Horror game fans have a reputation. But what does the research actually say about high sensation-seekers, dark content enthusiasts, and how they show up in relationships?

Horror Game Fans and Dating: A Field Study

The Reputation Precedes Them

A dimly lit gaming setup with a horror game paused on screen, warm amber lamp light casting cozy shadows over a desk with a steaming mug
The pause before the jump scare. The grip on your arm after.

There's a look people give you when you mention you play horror games. Not the nod of recognition you get when you say you're into RPGs or strategy games. The other look. The "oh, interesting" quiet reassessment look — the one that means they're already sorting you into a category they don't fully trust.

Horror game fans have a reputation. Cold. Desensitized. Maybe a little off. The kind of person who watches something terrible happen on screen and just… keeps eating their snacks. As someone who has spent an unreasonable number of hours with Resident Evil, Silent Hill, and whatever new thing is currently making me check the hallway behind me, I've received this look many times. I've also given it considerable thought.

So I went looking for actual research. Because if we're going to do field studies, we might as well be rigorous about it.

What the psychology literature says about horror fans — particularly around empathy, emotional depth, and how they tend to handle hard things — is more interesting than the stereotype, and mostly in the direction of good news for anyone considering dating one.

Busting the Cold-and-Callous Myth First

The most persistent assumption about people who enjoy horror is that they must feel less. Less empathy. Less compassion. They've numbed out on simulated suffering and now register it about as much as a weather report.

Coltan Scrivner tested this directly. His 2024 study — "Bleeding-Heart Horror Fans" — specifically examined whether enjoyment of horror media is linked to reduced empathy or compassion. It isn't. The data doesn't support the stereotype at all. Horror fans are not, as a group, less empathetic than anyone else.

If anything, the research suggests the opposite might be closer to true — but we'll get to that.


The Three Types of Horror Fan (Your Compatibility Decoder)

A triptych of three pairs of hands: gripping a game controller, clasped in a lap, and writing in a journal by candlelight
Fear response. Trust response. Same wire.

Here's where it gets useful: not all horror fans are the same, and the differences matter a lot when you're thinking about compatibility.

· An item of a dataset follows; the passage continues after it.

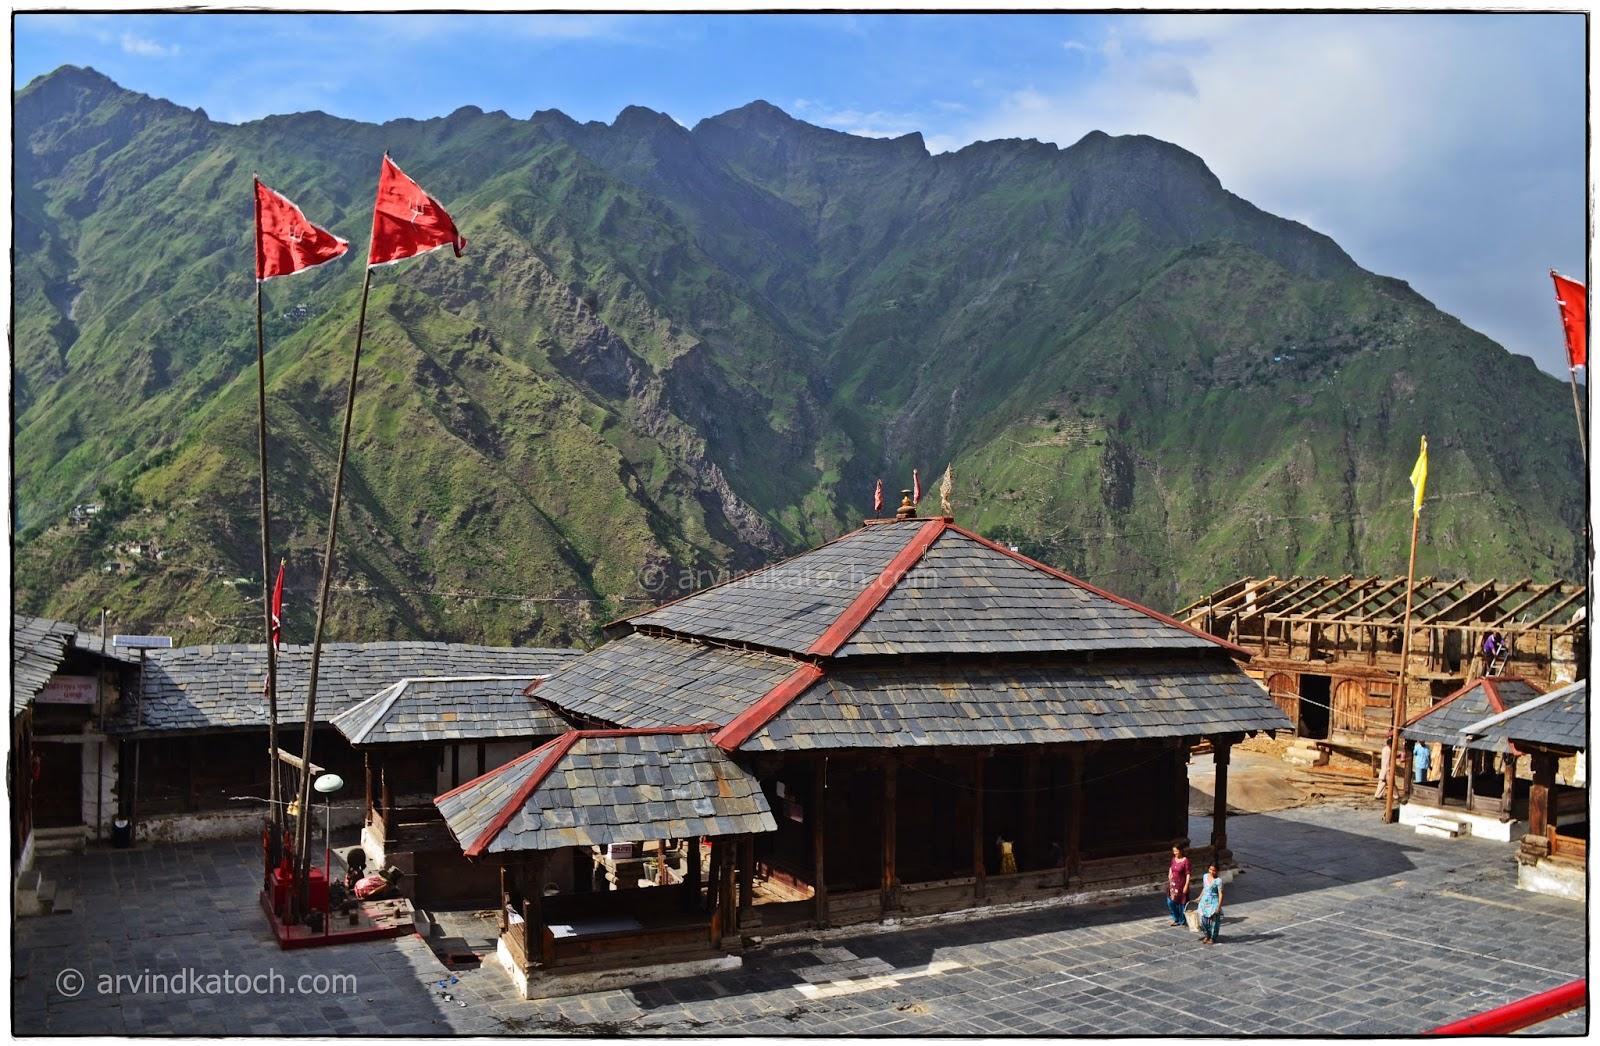 Shakti Devi Temple, Chhatrari, Chamba, wooden Temple

Scrivner's 2022 research in the Journal of Media Psychology identified three distinct horror fan types based on what they actually get out of the experience. These aren't just academic categories — they're meaningfully different personality profiles.

The Adrenaline Junkies

They're in it for the rush. The jump scare, the spike, the immediate physiological hit of being frightened in a safe context. Adrenaline Junkies report immediate enjoyment as their primary benefit — they want to feel something sharp and fast, and horror delivers. In relationship terms, these are your high-stimulation partners: novelty-seekers, energetic, likely to suggest things that involve some version of "let's see what happens." Great for people who match that energy. Less great for people who need a lot of predictability.

The White Knucklers

These are the people who are genuinely scared — and keep playing anyway. They're not desensitized. They feel every moment of it, probably intensely. What they report getting out of horror isn't just thrill; it's personal growth. The sense that they chose to face something frightening and came out the other side. If you're dating a White Knuckler, you're likely dating someone with a quiet kind of stubbornness — the "I don't like this but I'm going to see it through" personality type. Dependable in a crisis. Sometimes frustratingly committed to hard paths when easier ones exist.

The Dark Copers

This is the most interesting group from a dating perspective. Dark Copers use horror to process difficult emotions — fear, grief, anxiety, uncertainty. They engage with dark content because it gives them a structured, safe container to work through feelings that don't have easy outlets. They report both immediate enjoyment and personal growth as benefits, which means they're getting the full return on what horror offers.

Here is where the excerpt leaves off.